Projet Montréal wants to change all that and so do I. The city has the resources to initiate buy-local campaigns and develop web portals and social media sites and applications for local businesses and business development.
The city needs to pay attention to merchant’s needs, especially on the small end of the scale. Simple improvements to sidewalks, be it by repairing old cement, or installing recycling bins and benches, whatever, improvements like these can do a lot to help local businesses.
And on top of that, the city should probably become more involved in promoting the creativity and uniqueness of local goods and services, and the fact they’re so much more available to urban citizens than suburbanites. Facilitating a better business environment that supports local entrepreneurs is one part of a broad plan to reverse population loss to the suburbs.
What do you like the most and what do you like the least about living in your district?
Like? Well, for one thing the nightlife. It’s not just Crescent Street, on the whole we’re well equipped with a wide variety of restaurants, bars, bistros, nightclubs to suit all tastes.
It’s the part of town that seems to be on all the time, and I don’t mind that. For a lot of Montrealers this is an exciting, entertaining district.
As to what I like least, it’s the class extremes, too much obscene wealth next to abject poverty. We have about 2000 homeless in this district, that’s a problem that’s been ignored for far too long.
What do you propose to fix it?
The city should take the lead, partner with established charities like Acceuil Bonneau and work to increase their capacity, possibly by securing abandoned residential and institutional properties that haven’t sold in many years. Coincidentally, there’s an abandoned old folks home across from the CCA that hasn’t sold in over a decade. No doubt we should definitely collaborate with established charities and see if we can help them help others better.

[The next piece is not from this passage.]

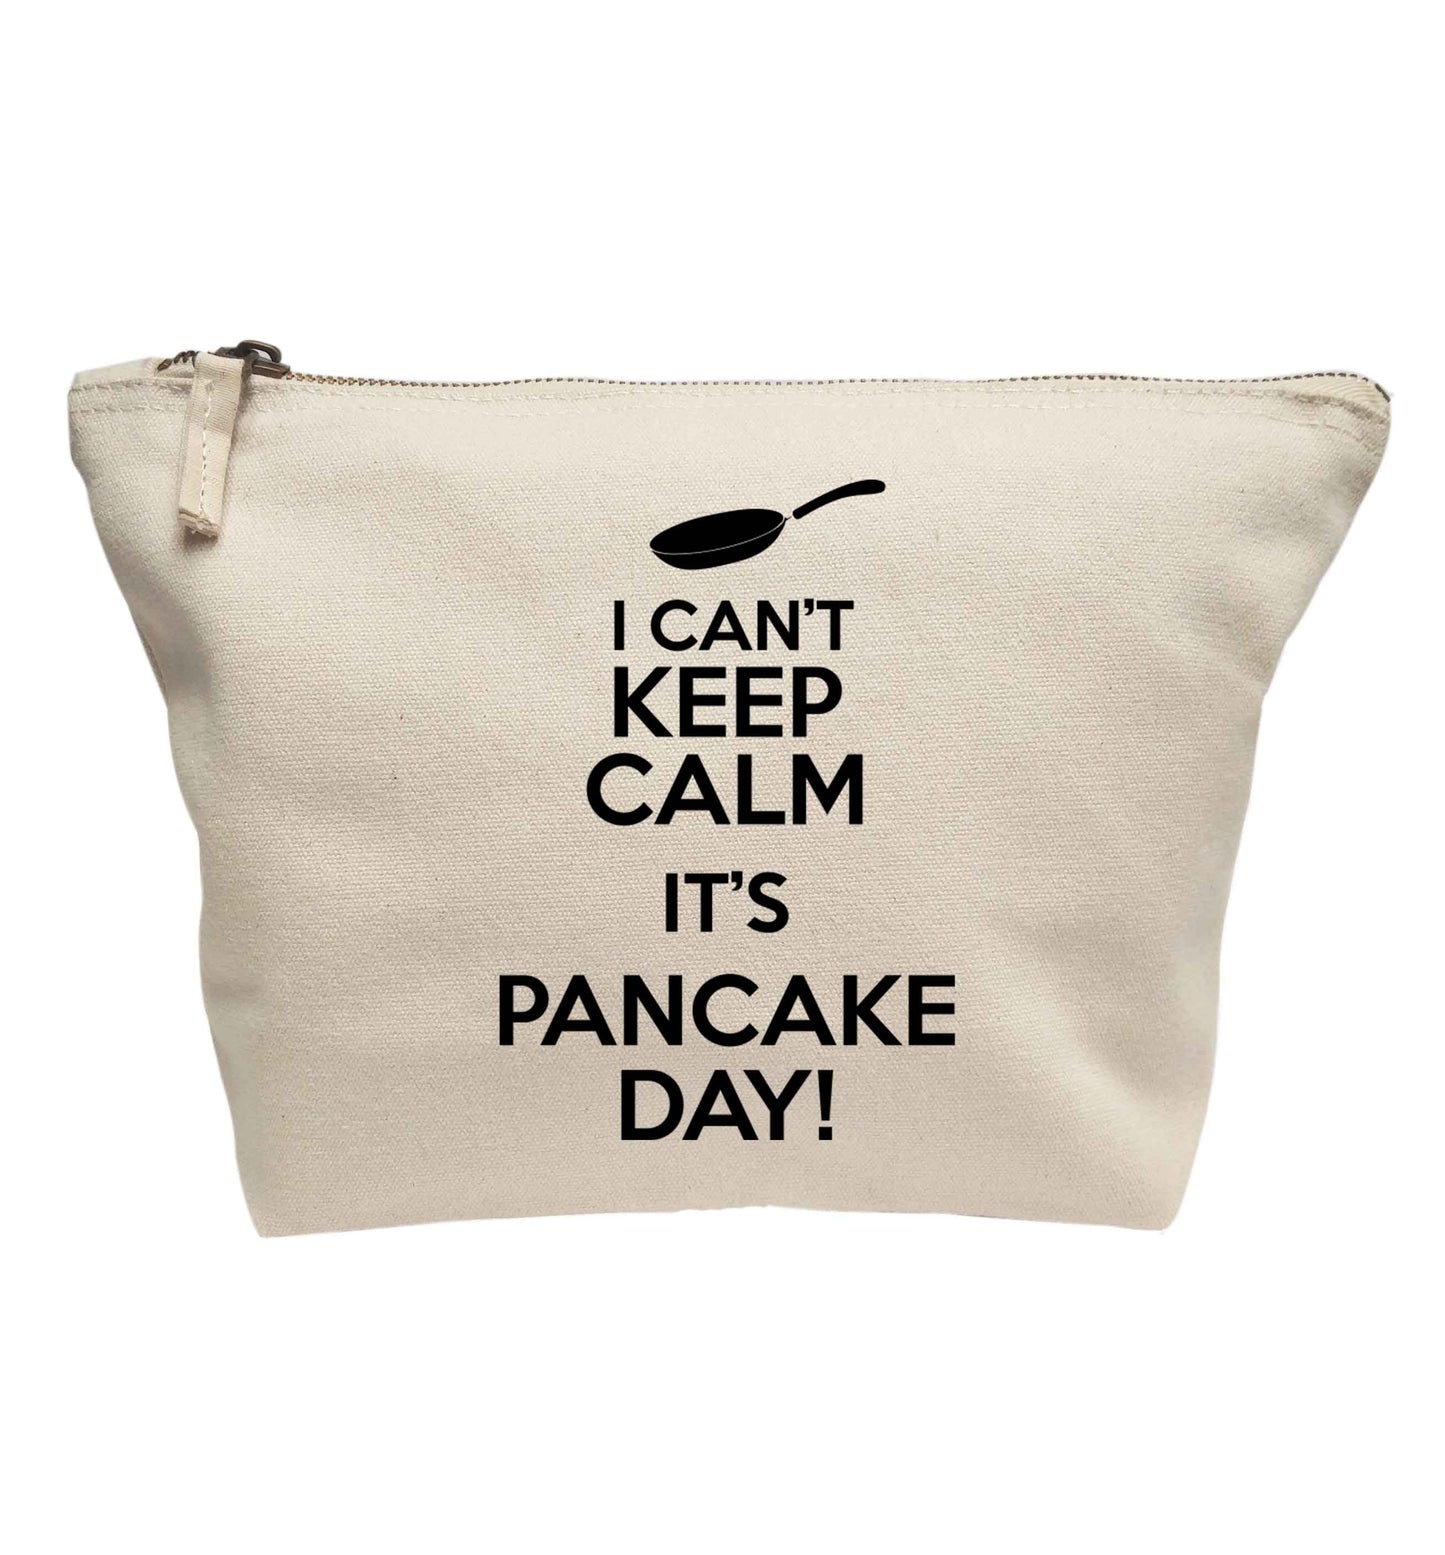 I can't keep calm it's pancake day! | Makeup / wash bag

There are well over one hundred thousand students living in what most would consider to be ‘downtown’ Montreal or in the most urban first ring suburbs. It’s clear they’re politically motivated, and yet the youth don’t participate in Montreal municipal elections. What’s Projet Montréal doing about this?

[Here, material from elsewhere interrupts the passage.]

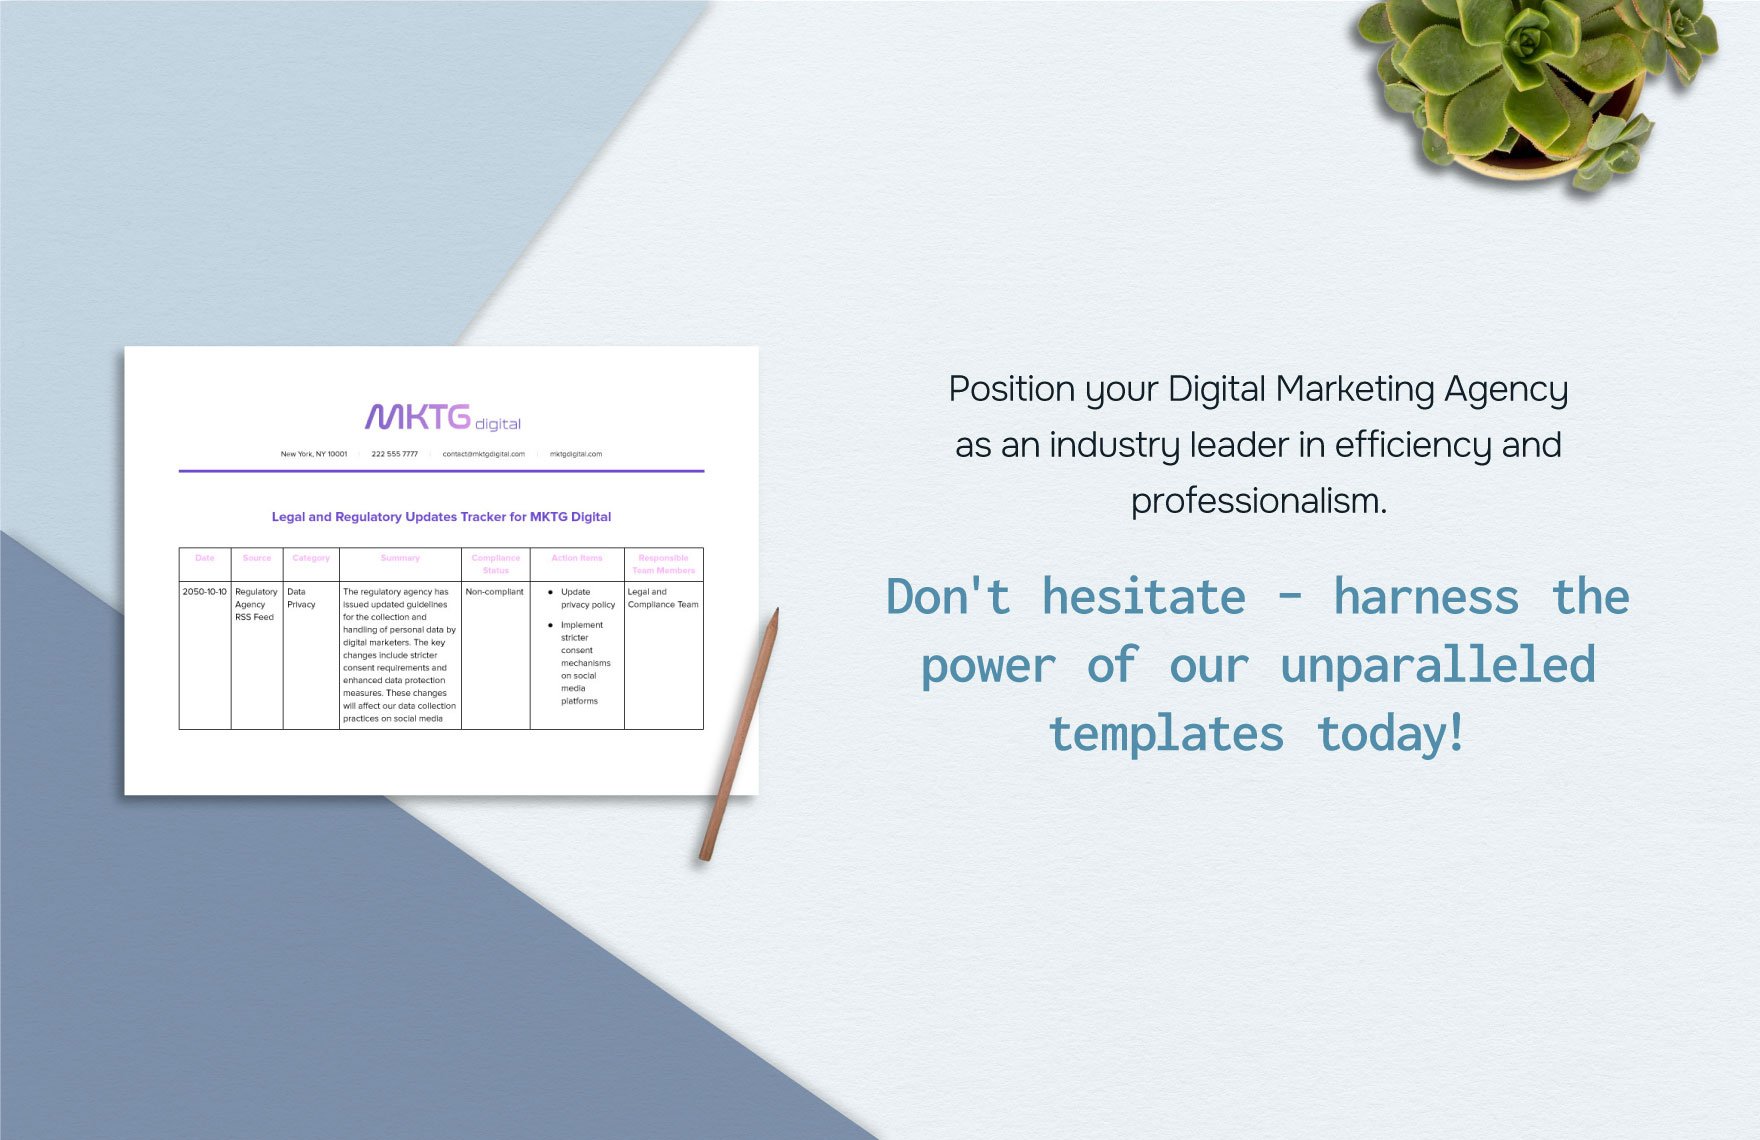 Digital Marketing Agency Legal and Regulatory Updates Tracker Template

For one we have 19 candidates under the age of 35. Granted, that’s not exactly young, but we’re doing what we can and as you might imagine, we have a lot of volunteers under the age of 30.
Richard Bergeron proposed a few years ago that the city open week-long voting booths in the CEGEPs and universities to facilitate voting for Montreal’s students. It’s no different than absentee voting anywhere else, and we certainly have the technology to make it work. But Union Montréal struck down the idea, instead permitting those who own property in the city to vote even if they live and pay municipal taxes elsewhere.
It’s sickening really, and it’s a kind of disenfranchisement as well. Of course, the political establishment in this city has been leery about the student vote since the early 1970s, when the party created by the students nearly ousted Mayor Jean Drapeau.
What would you like to see wiped off the map or otherwise expelled from Montreal?
What a question! Ha! Well, I’ll tell you what, I’ll answer it in two parts. For one, I’d like to officially banish Jeff Loria (chuckles all around, Jeff Loria is the art collector who ran the Expos into the ground). I’d put up a sign telling him to go back home to Florida (more laughs).
As to what I’d like to see disappear, definitely the big gaping hole where the Ville-Marie Expressway divides Old Montreal from the rest of the city. It has to be covered. Even if nothing’s put on top of it and we leave a big open field of grass, it would be a major improvement over how it currently stands. My understanding is that the Palais des Congrès is looking to expand on the western edge of the remaining trench and the CHUM will expand on the eastern edge, the city should step in and cover the rest.
We need to stitch this city back up, it’s been divided – physically, culturally – for far too long. Projet has a plan to change all that.